Supporting youth mental health

Supporting youth mental health

Saturday, 30 October 2021

1. Listen

When communicating with a young person, it’s important to listen. This sounds obvious, but it can be difficult not to jump in and offer your point of view.

Listening more than you talk is a good starting point. Being a good listener takes skill and a lot of effort. It doesn’t necessarily come naturally.

2. Give

Give young people time. It’s critical to really give young people time and attention if you want them to experience you as a good listener. We have all, at one time or other, tried to say something important to someone who was not really listening.

They may give this away by fidgeting, looking at something over our shoulder, checking their watch, or interrupting us. Can you recall how this made you feel?

It likely wasn’t a particularly pleasant feeling. You probably didn’t really feel listened to, understood or even important at that moment. If you’re not in a position to listen attentively to a young person, tell them and try choosing a better time for it.

3. Don’t judge

One of the reasons young people might not open up is due to fear of being judged. Convey to the young person in your life you’re not here to judge them, but simply to listen.

Assure them no matter what they say, you will still care and be there for them. You are not going to think any less of them, regardless.

Separating a person’s behaviour from the person themselves can help manage our tendency towards judgement. Another trap we can fall into is jumping to conclusions. Once we do this, we stop listening, rather than truly hearing what the young person is saying.

4. Normalise

Young people can often feel embarrassed or ashamed about their struggles. They often feel very alone, as if they are the only one experiencing these challenges. By normalising a young person’s feelings, you can reassure them.

Make sure you really listen to what is going on for that young person, and ask how they feel about it. Let them know that they are not alone.

Young woman wearing a mask looking at her mobile phone

Different levels of mental health

Remember we all will experience different levels of mental health throughout our lifetime. It’s important to seek help and support sooner rather than later.

5. Seek support

You may need to seek support from a healthcare professional when a young person in your life is struggling with their mental health for a period of time.

Remember we all will experience different levels of mental health throughout our lifetime. It’s important to seek help and support sooner rather than later.

6. Encourage involvement

Encourage your young person to get involved in clubs, sports, groups, and activities of interest to them. Being part of a community, contributing, and being involved with others, encourages good mental health and self-confidence in young people.

Allow them to explore and find activities and interests meaningful to them personally.

7. Encourage exercise and play

Our mental and physical health are closely linked. It is important for young people to get regular exercise and stay active.

Young people may find they enjoy playing a certain sport, walking, running, swimming, or other forms of play and exercise.

8. Don’t avoid difficult conversations

It can be tempting to avoid difficult conversations, to say nothing and to hope it will all blow over. It is important we don’t avoid or ignore the signs if we think a young person may be struggling.

If you notice a change in a young person’s behaviour, ask them about it in a calm and supportive way.

Read more about starting that conversation here.
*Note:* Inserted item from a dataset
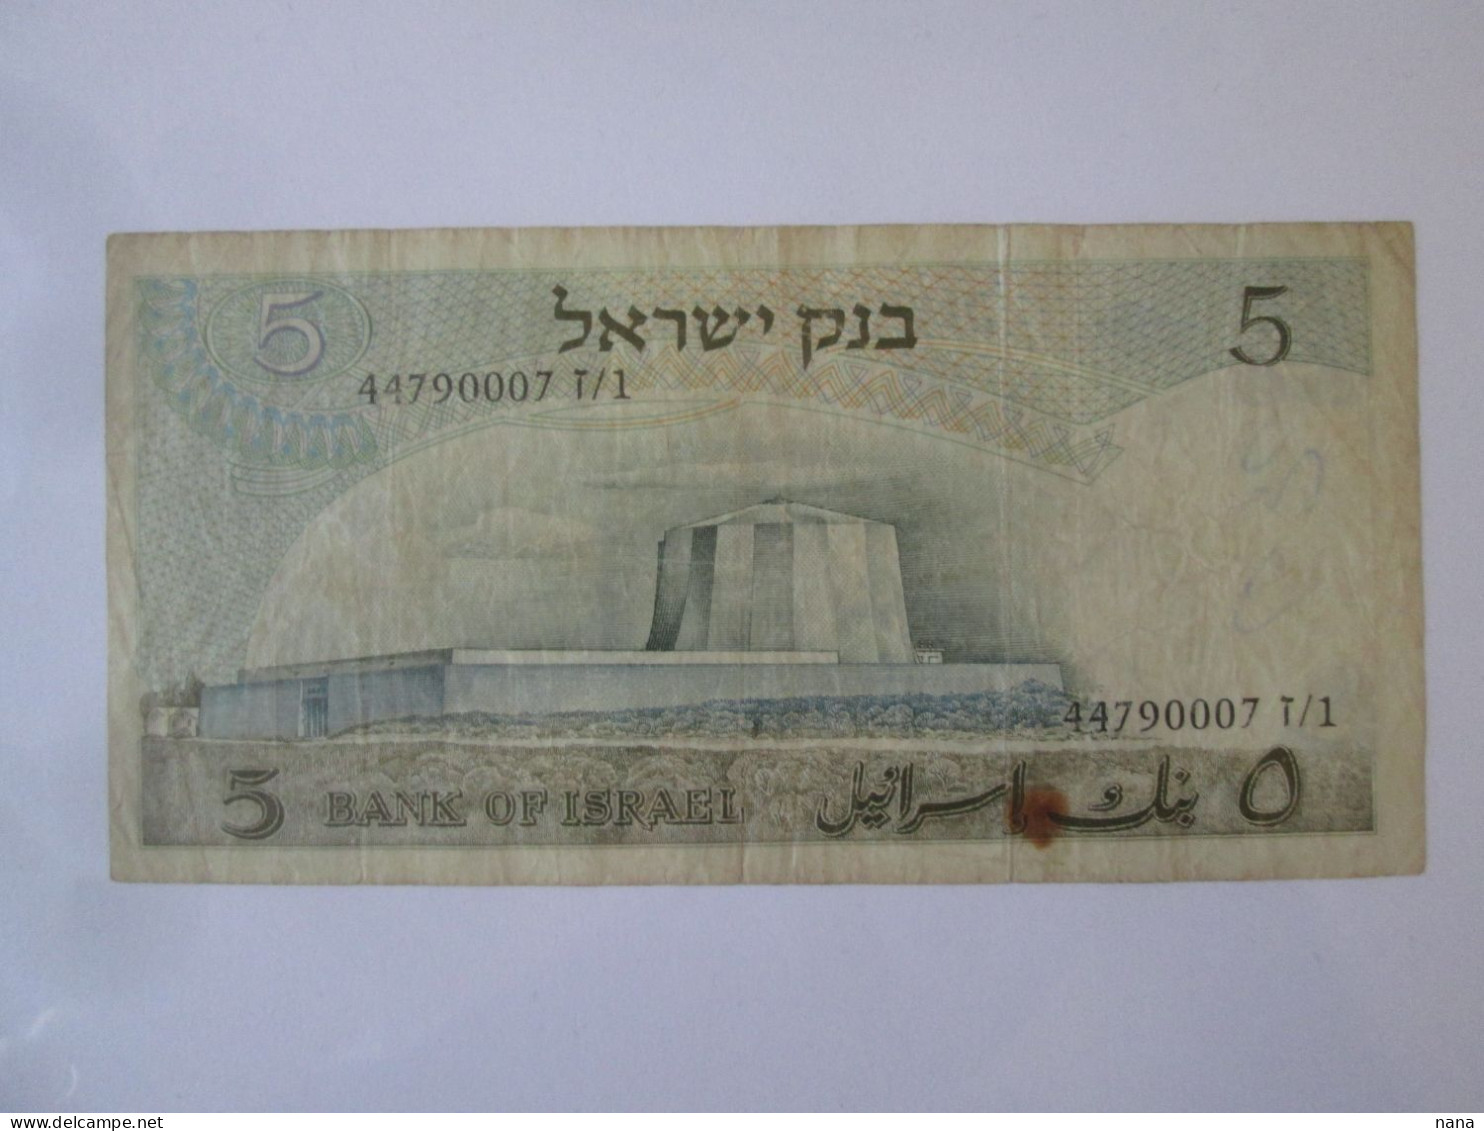 Israel 5 Lirot 1968 Banknote Series:44790007 Albert Einstein - Israele

Some parents find young people are more likely to open up when they are doing an activity together.

9. Don’t panic

Stay calm and curious when a young person opens up to you. A young person may reveal they are experiencing bullying, experimenting with a new activity/behaviour or even disclose self-harm.

Help the young person feel safe and supported, while also accessing the correct supports for them.

Remain calm, open to hearing more, and stable. This will help to keep the conversation open. It will give you a chance to find out more about what is happening for the young person.

10. Seek your own supports

We’re better able to provide quality care and support for young people in our lives when we feel supported ourselves. Finding ways to mind your own mental health will help you to mind the mental health of a young person.